Дмитрий: Владение упирается в офшорные компании. Когда-то мы пришли к выводу, что за проектом стоит Руслан Горюхин, бывший генеральный директор «Стройгазмонтажа» и человек, входящий в круг бизнесменов, близких к братьям Ротенбергам. Потом они громко объявили, что бенефициар сменился, хотя мы видим, что весь менеджмент этого проекта остался прежним.

Если бы вы не вышли на защиту Ивановской горки, бизнес-центр уже был бы построен?

Дмитрий: Думаю, скорее всего, да. Активисты довольно долго и общественными, и юридическими, и судебными методами останавливали строительство. Физически они приступили к проекту 24 февраля 2022 года, когда стало сложно добиваться чего-то общественными методами. Не думаю, что это было сделано специально — просто совпадение. Но в феврале-марте прошлого года всем было не до культурного наследия.

Но ведь простой долгий — убытки дикие. Вступал ли девелопер в прямую конфронтацию с вами? Известно про черную пиар-кампанию, направленную лично против вас. Кто за ней стоял?

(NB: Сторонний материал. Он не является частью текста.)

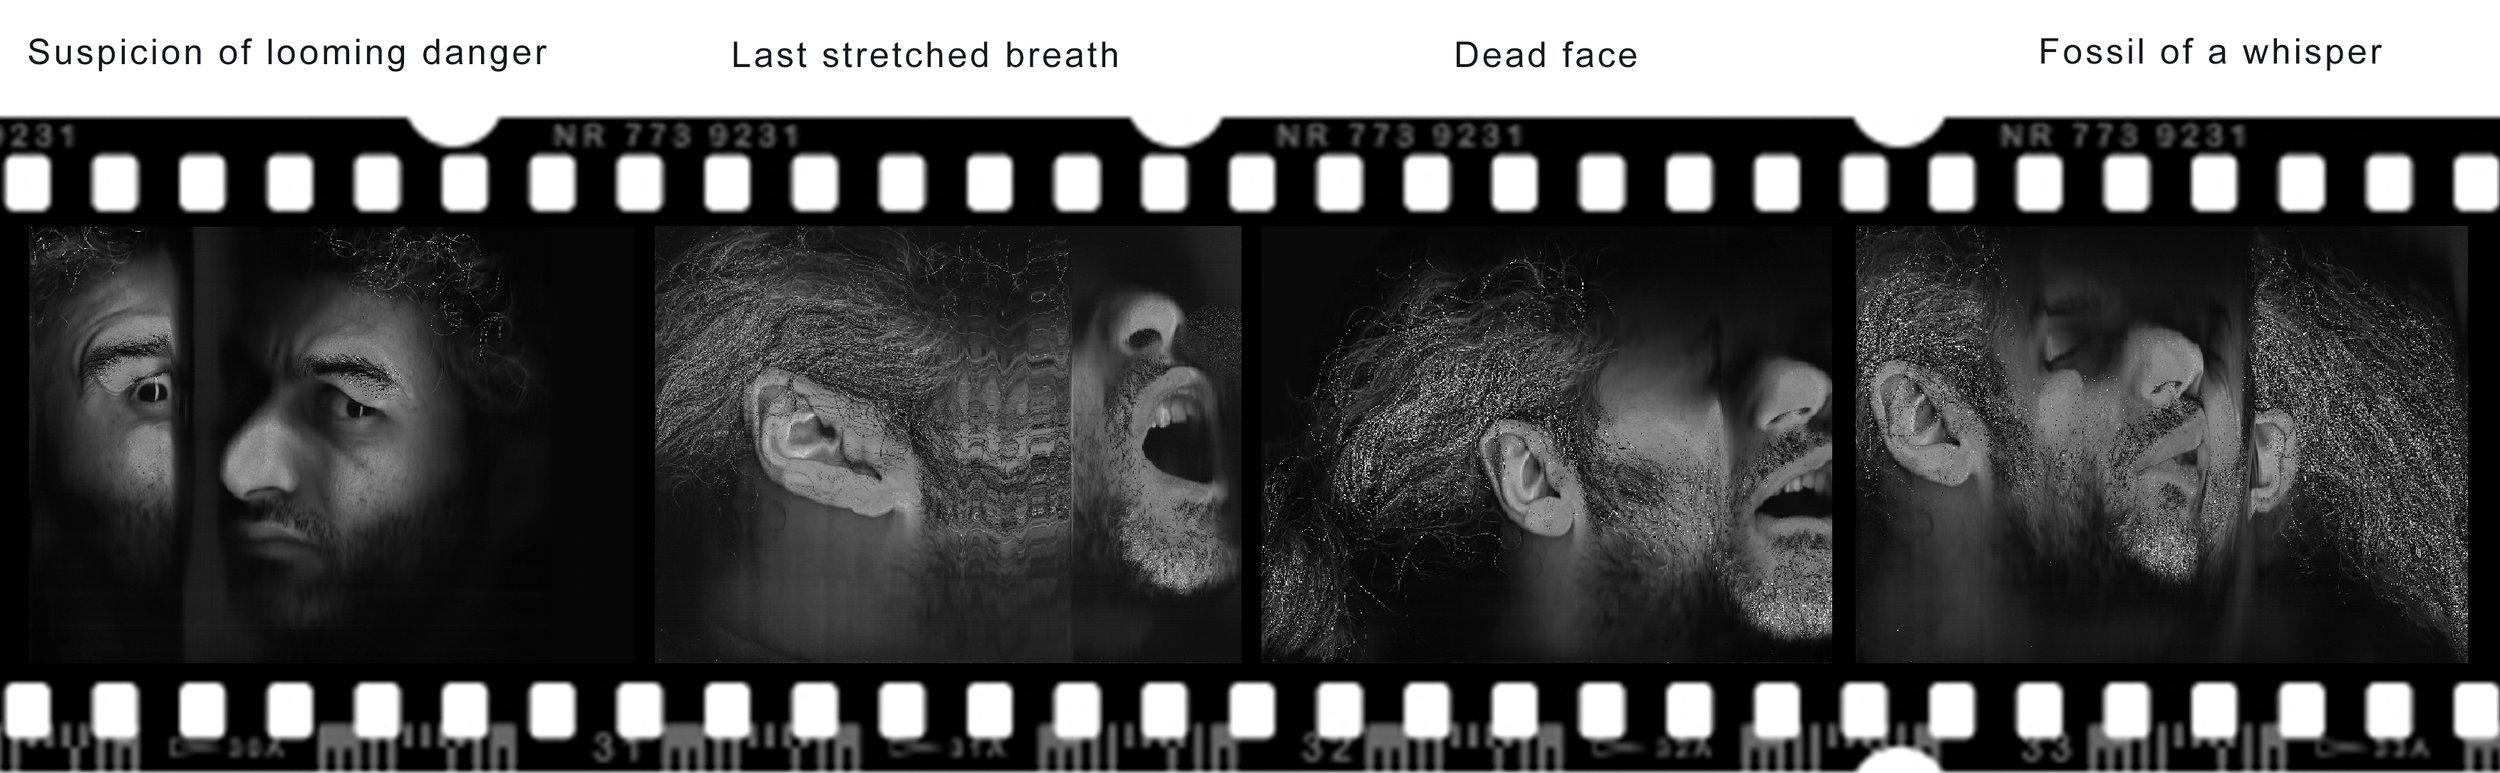 Enkidu's death narrative.jpg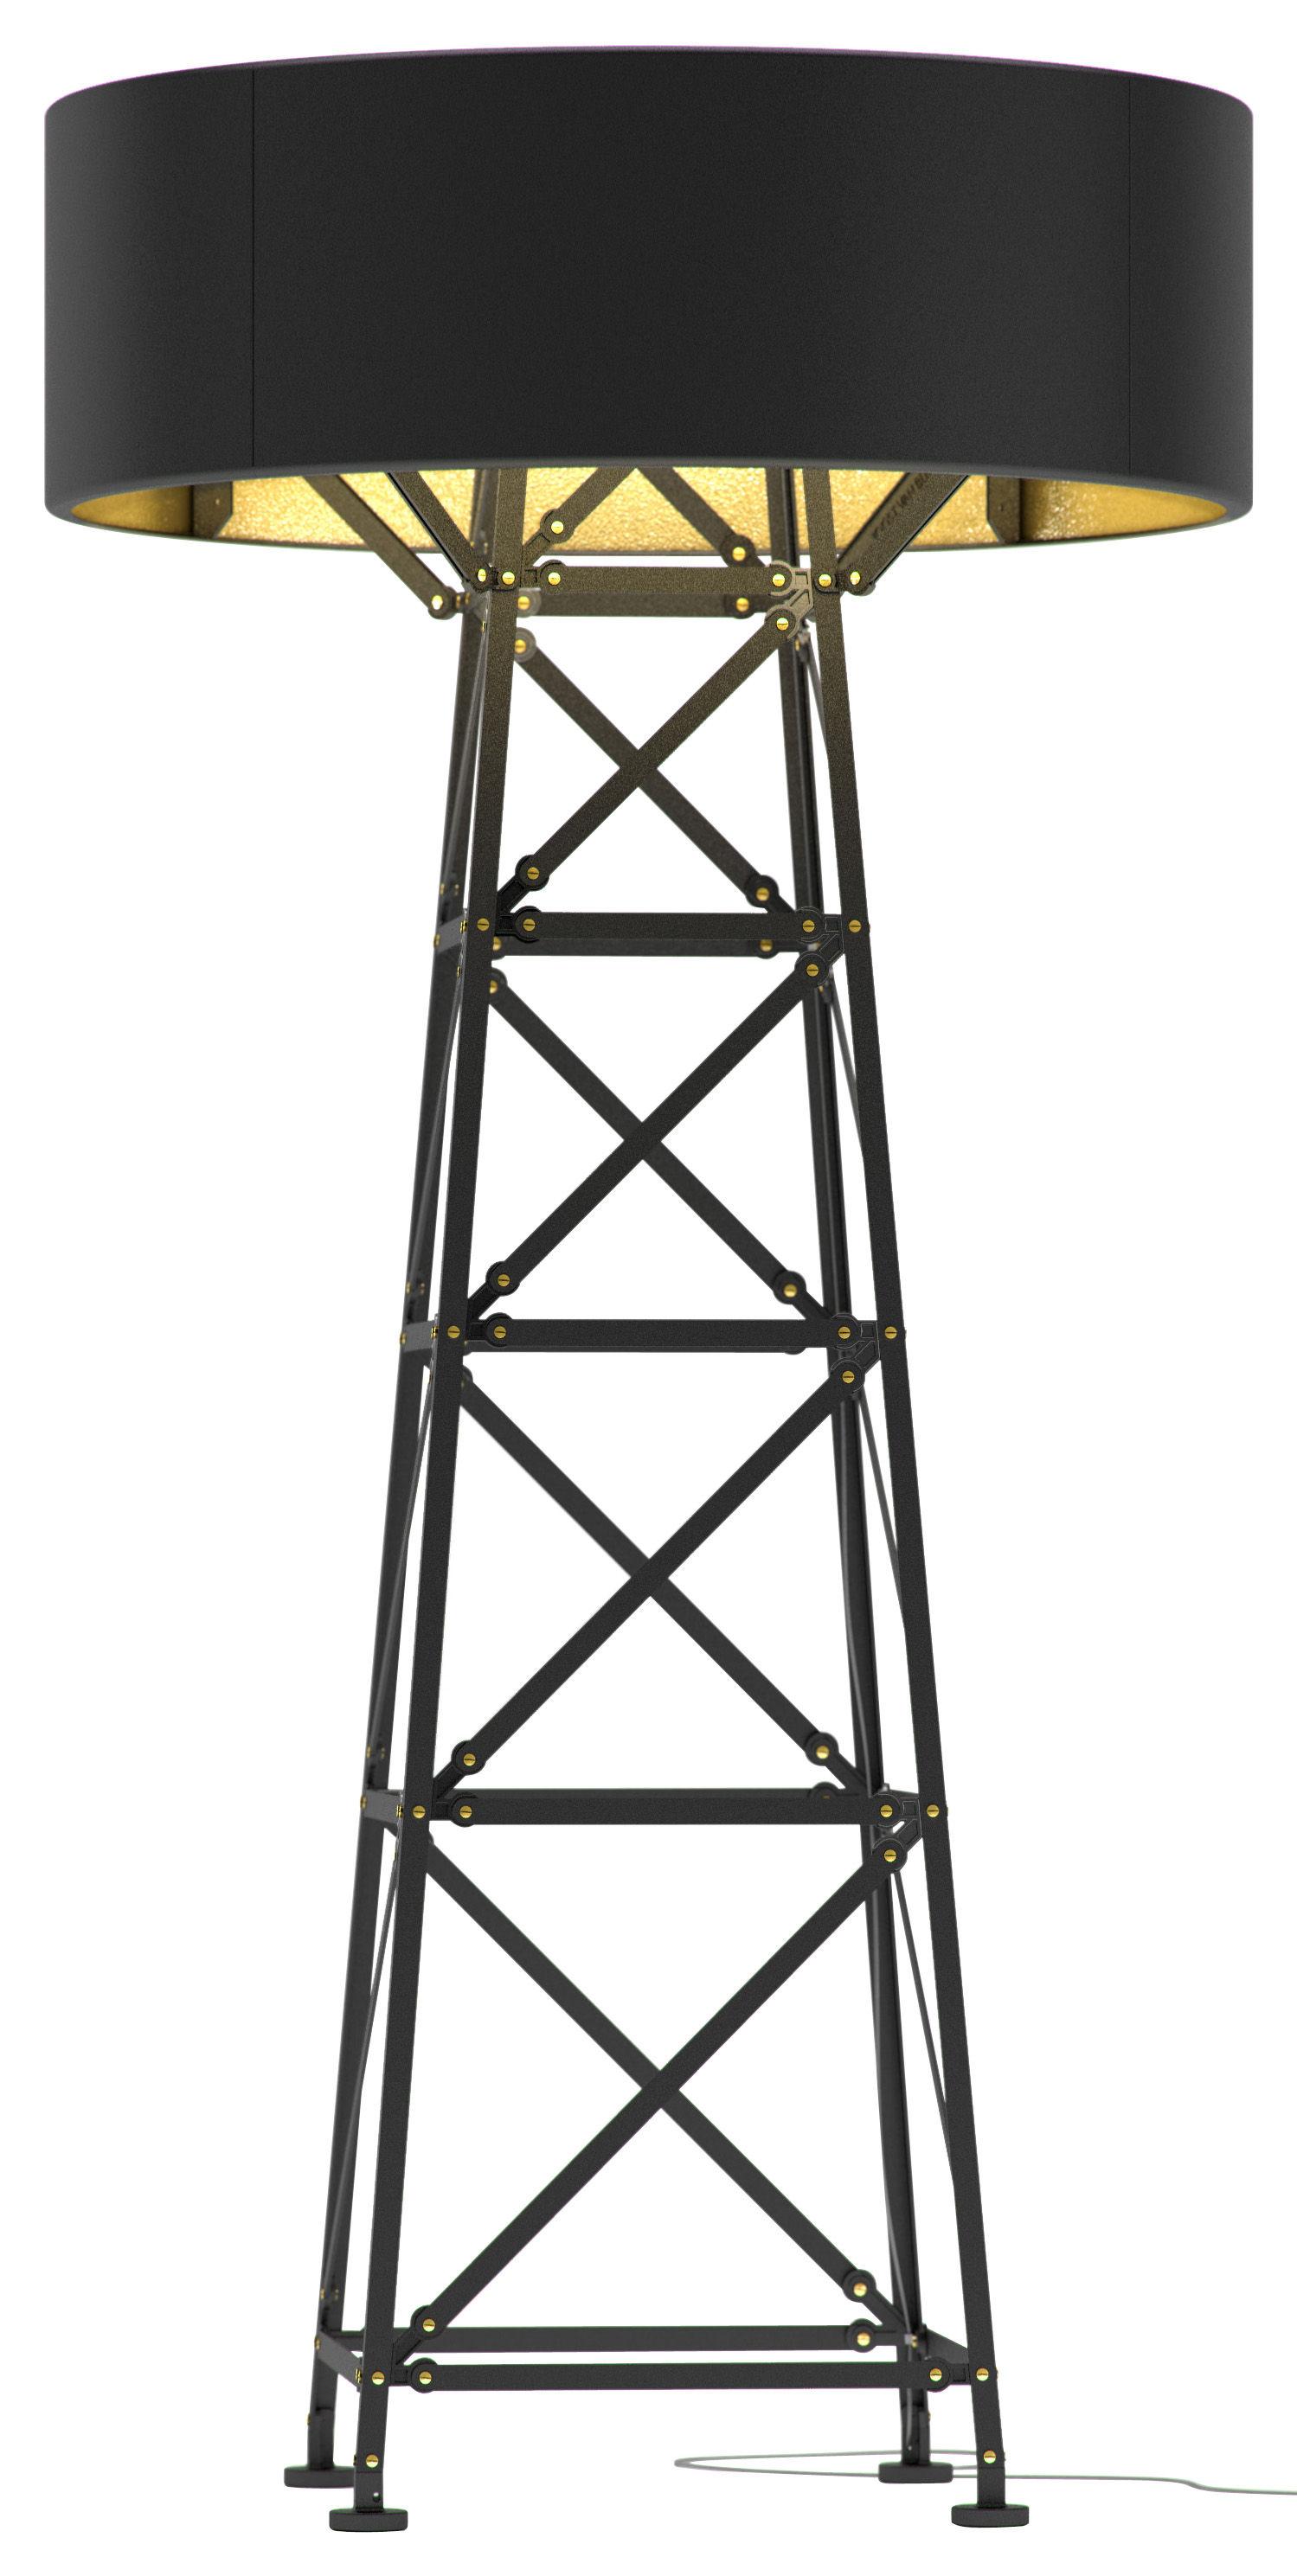 Luminaire - Lampadaires - Lampadaire Construction Lamp Large / H 185 cm - Moooi - Noir - Aluminium, Cuivre

Дмитрий: Прямых доказательств, что за пиар-кампанией стоял девелопер, у нас — нет. Просто в один момент появились странные статьи, где синхронно похожими словами излагались намеки, что я был заинтересован в смерти какого-то якобы внезапно умершего человека, которого я не знаю и даже после публикаций не смог ничего о нем выяснить. Надеюсь, он жив и здоров. Почему-то много публикаций было в малоизвестных изданиях из Северо-Западного региона, которые вдруг заинтересовались проблемой Ивановской горки. Это все глупости.

Про прямое столкновение с девелопером: они пробовали взыскать больше 61 млн рублей с одной из наших активисток. По ее иску суд впервые наложил меры предварительной защиты — приостановил действие необходимой для начала работ разрешительной документации. Суды трех инстанций подтвердили очевидное, что граждане вправе обращаться в суд за защитой своих прав на сохранение культурного наследия, не рискуя разориться. Сейчас уже застройщик должен оплатить Ирине ее судебные расходы.

Есть ли у вашей инициативы какое-то финансирование? Или это условное меценатство со стороны ваших активистов?

Дмитрий: Конкретно в нашем случае нет какого-то бюджета. Люди у нас разного достатка, непосредственно сама организация стояний не стоит практически ничего — кто-то покупает чай в магазине, кто-то дома печет плюшки (за 156 раз наша активистка Наталья Салтыкова даже ни разу не повторилась), кто-то делает домашний квас, а я выношу самовары. Это все самоорганизация, причем низкобюджетная. И мы в состоянии ее финансировать, не вкладывая существенной части наших заработков.

В 2021 году мы пытались запустить проект «Кулишкинский омбудсмен» — нанять профессионального юриста на собираемые общественностью деньги. Тогда мы осознали, что волонтерской помощи юристов нам не хватает и лучше бы привлечь кого-то на постоянной основе. Для этого мы пробовали собирать деньги, но проект не взлетел — нам не удалось найти специалиста, который бы нас устраивал.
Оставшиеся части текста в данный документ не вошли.